Except for the hill, it was a pleasant early morning walk. It was
a time to take in the beautiful, pristine countryside and to try
to sort out my thoughts. If for no other reason, the walk was necessary
because it was the only way for me to get out of Nawi, unless I
wanted to wait indefinitely for the agriculture Land Rover from
Savusavu,
which usually made a daily run to Buca Bay. With a population of
around 2,000, Savusavu was the largest town in the province. The
prospect of a big breakfast in Savusavu when I got there kept me
going.
Eggs,
meat,
bread,
coffee—these
were things worth walking up the Nawi hill at such an early
morning
hour.
Perhaps because it is one of the basics for survival, food was
a critical adjustment for us new Volunteers. The average Fijian
village
diet is heavy on starch and carbohydrates and short on protein.

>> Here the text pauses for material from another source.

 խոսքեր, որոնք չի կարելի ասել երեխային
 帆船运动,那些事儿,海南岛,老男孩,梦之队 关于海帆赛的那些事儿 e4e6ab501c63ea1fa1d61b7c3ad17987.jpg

Starchy foods such as rice and root crops of dalo, cassava,
and yams predominate. Breadfruit is a seasonal food and is perhaps
even preferable to the
other starchy foods. In many areas of Fiji, fish is a staple, especially
fresh fish from the ocean. More often than not, however, fish in
the diet was usually canned mackerel, at least where I lived. Fresh
meat
was scarce, and what meat we had was often the canned corned beef
variety. And even fresh bread was an unknown commodity in Buca
Bay.
The initial adjustment to a diet of tea, cassava, dalo,
yam, rice, and fish was a hard one. And even though we ate, we
sometimes finished
a meal totally unsatisfied, with hunger returning shortly after.

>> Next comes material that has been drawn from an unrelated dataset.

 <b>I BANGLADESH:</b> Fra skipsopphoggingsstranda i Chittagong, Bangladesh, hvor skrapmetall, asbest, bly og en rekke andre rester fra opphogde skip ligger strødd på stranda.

Visions of hamburgers, pizza, eggs, bread, and hundreds of other
things played on our imagination. There was no cupboard or refrigerator
to raid at night. No readily available snacks were to be had. Only
after several weeks of adjustment did I begin to get comfortable
with the diet.
However, I think I never really completely adjusted to it. Perhaps
it was more a case of tolerating it. I recall that, later, as I
made frequent trips into Savusavu, one of my biggest pleasures
was the
anticipation of some good meals at one of the cafes in town. There
one could get fresh beef and mutton, along with eggs, bread, and
other supplies. This was a welcome change of fare from the village
diet.
There were just two other Fiji Volunteers from the first group
in all of Cakaudrove in 1968–1969—my good friends Charles
Matthews and
Dave Reed. A few others came and went, but the three of us somehow
managed to tough it out. Like me, Charles and Dave were attached
to the agriculture department. We conducted the first agricultural
census in the province and got to be quite the bushwhackers, working
for weeks at a time
in remote, isolated regions. To Peace Corps Suva, we became known
as the infamous Cakaudrove Team.
Our favorite rendezvous in Savusavu became Ping
Ho's Cafe or Vale
ni Kana (House of Food). Ping's was located directly on the
road winding along Savusavu Bay about midway in the settlement, surrounded
by several Indian shops. It was an antiquated wooden building with
metal roof, the usual type of structure, except for the fact that
it
was painted a bright blue-green. The sign advertising Ping Ho's Cafe
stated: "Delicious Chinese Dishes." That was somewhat misleading,
however, as the only Chinese food Ping's ever had was a passable
beef chop suey. The rest of the menu covered the usual steak and
eggs, fried
fish, beef, pork, and mutton curry.
Ping Ho was in his late 60s and was from China. He had been in
the islands a long time, ending up in Savusavu, and had opened
his cafe
years ago. We became good friends with Ping, and he always enjoyed
having us stop in his cafe. He often
fixed
us special meals, or added a special little dessert whenever we
turned up at his cafe, tired and hungry.
The five-mile hike out of Nawi to catch an early morning
jungle bus and the 40-mile ride from Buca Bay to Savusavu were
well worth it to savor
the "Delicious Chinese Dishes" at Ping Ho's cafe.